In v1 the challenge is RETURNED but NOT verified. Payment verification is a dormant stub. Ledger event: access (free) or payment_required (gated).

404 if the fragment is unknown.

Human face (content-negotiated, for browsers)

The node also renders a minimal human-readable surface. It is selected purely by content negotiation: a request whose Accept header includes text/html gets HTML; everything else is unaffected. The machine routes above are byte-for-byte unchanged regardless of Accept — a browser hitting /fragments/{id}/content.md still gets the 402/markdown machine response. The human routes are additive: their paths returned 404 before and still 404 (as JSON) for non-HTML clients.

A browser never sees a raw 402 or raw Markdown.

GET / (Accept: text/html)

Publisher index: the publisher name and optional summary (SPHERE_PUBLISHER_NAME, SPHERE_PUBLISHER_SUMMARY), a list of fragments (title, summary, and a policy badge, each linking to its reading page), and a footer crediting the Sphere project. Driven entirely by node data and config.

Ledger event: discovery.

GET /fragments/{id} (Accept: text/html)

Fragment reading page, rendered in the shared template.

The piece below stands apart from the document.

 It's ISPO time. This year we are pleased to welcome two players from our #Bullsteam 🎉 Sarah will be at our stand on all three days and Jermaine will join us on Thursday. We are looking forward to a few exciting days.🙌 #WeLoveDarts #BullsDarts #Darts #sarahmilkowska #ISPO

  • Policy free/sponsored: the full content.md rendered to HTML.
  • Policy paid/metered: only the preview (first access.preview_chars characters) rendered to HTML, plus a short line explaining the rest is gated and pointing at the machine content.md route. Payment is never performed from a browser, so a gated page is a preview-only read.

404 (HTML) if the fragment or its content is unknown.

Ledger event: access (free) or preview (gated).

Owner face (bearer token, single owner)

All owner endpoints require Authorization: Bearer <SPHERE_OWNER_TOKEN> and are read-only. Missing or wrong token returns 401. Owner requests do NOT append ledger events.

GET /owner/summary

{
  "publisher": "Example Publisher",
  "fragment_count": 1,
  "events": { "total": 12, "by_type": { "discovery": 4, "manifest": 5, "access": 3 } },
  "top_fragments": [{ "id": "2026-01-15-sample-fragment", "title": "Sample Fragment", "events": 8 }],
  "revenue": { "total": 0, "currency": "USD", "payments": 0 }
}

Revenue is always zero in v1 (payments are dormant).

GET /owner/fragments/{id}/usage

Event series over time for one fragment, bucketed by day.

{
  "fragment_id": "2026-01-15-sample-fragment",
  "points": [{ "day": "2026-01-15", "event_type": "manifest", "count": 3 }]
}

GET /owner/payments

Payment ledger. Empty in v1; the shape is present for forward compatibility.

{ "payments": [], "total": 0 }

Ledger events

Every public request appends exactly one row: ts, fragment_id, event_type, ua_family, ref_source. event_type is one of: discovery, manifest, preview, access, payment_required, unlock. unlock is dormant in v1 (emitted only once payment verification is implemented); preview is emitted when a browser views the human page of a gated fragment (a preview-only read). Human and agent traffic share these event types and are distinguished by ua_family (e.g. browser vs agent).

The ledger NEVER stores IP address, full user-agent, or any other PII. ua_family is a coarse bucket; ref_source is a normalized referrer origin.